One way to avoid these barriers is to use images instead of words, which is where infographics come in.
What are they?
Infographics are used to present information, data, knowledge or ideas visually.
They can include lines, boxes, arrows, symbols, pictures, text, colors and labels
They have 3 basic elements:
- Visual: graphics, colors, reference icons, charts,
- Content: statistics, facts, references, time frames
- Knowledge: the underlying message of the data being presented
Why are they so useful?
Words and language are processed by the brain in a linear fashion, such that it takes time for the brain to obtain information from text. Additionally, people only tend to remember 20% of what they have read.
Images are processed by the brain simultaneously, allowing images to be processed 60,000x faster than text. Not surprisingly, infographics can be used to present complex information quickly and easily.
To help clarify these points, check out this infographic, which presents this information visually:
How do you make an infographic?
Tools to generate an infographic:
- using paper, pencils, markers, and rules to draw the images
- Various online tools and websites (Infogr.am, Piktochart and Easel.ly)
- General illustration software (Adobe illustrator, Inkscape)
- Alignment: all items should have a visual connection with something else on the page
- Proximity: position related items together
- Helps to depict relationship
- Can make it easier to understand items and their connections
- Shape: can give meaning (i.e., boxes can be more form, icons can represent brands)
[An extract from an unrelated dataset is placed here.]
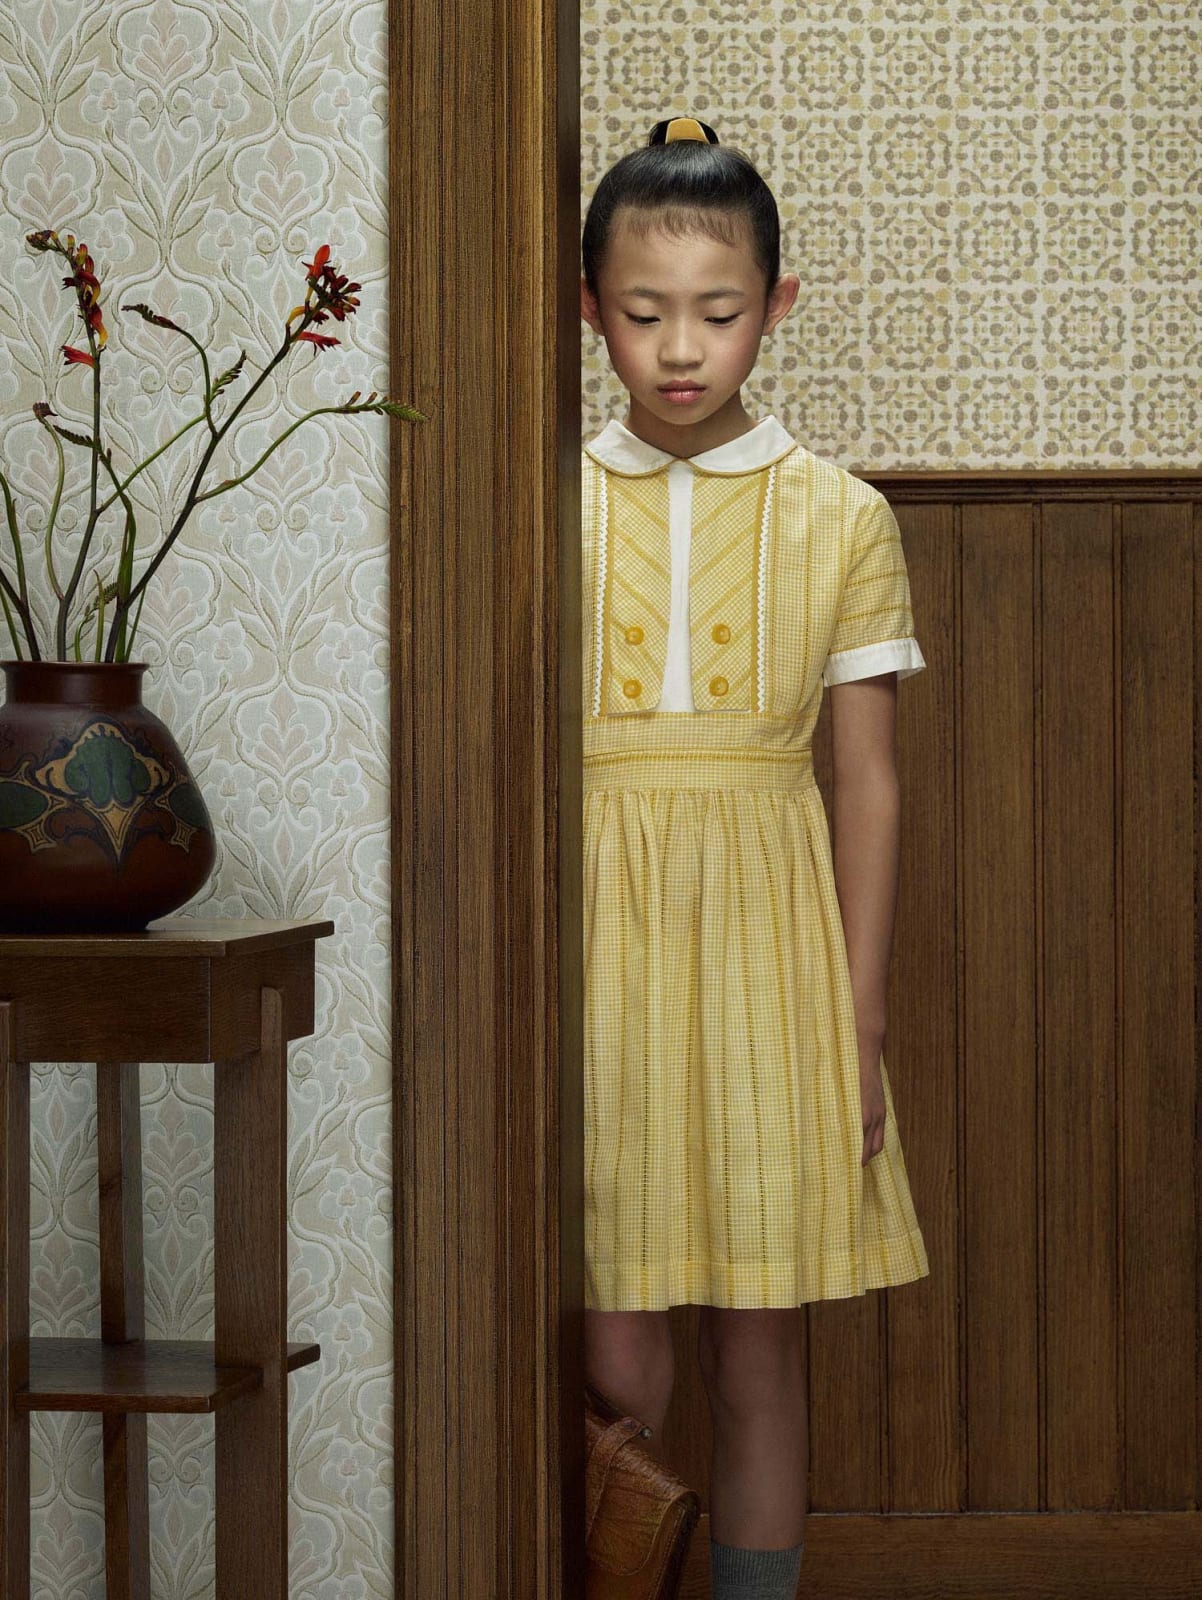 Girl in yellow dress standing in doorway by Erwin Olaf

- Balance: symmetry and centering important for directing gaze/focus
Tips for designing a great infographic:
- Highlight the information that is most important
- Keep it simple
- Show comparisons, contrasts and differences
- Use clear and simple language
- Use clear, legible font
How can it be useful for public health?
Health information and statistics can be bland and boring, or hard to understand by the general public. Infographics can be used to make this information simpler to understand, more appealing, and engaging. Importantly, the visual expression of ideas and messages can attract more attention, and make them more impactful, which is particularly useful for social marketing.
They can be used to provide health education in a fun and exciting way, making the information more memorable, which can help to encourage people to follow through on making important health behavior changes
Graphics and images can have cross-cultural application, allowing the message to be shared and understood by a much broader audience
Online infographics can be easily shared, which can help your message to spread more easily, allowing for a much wider reach.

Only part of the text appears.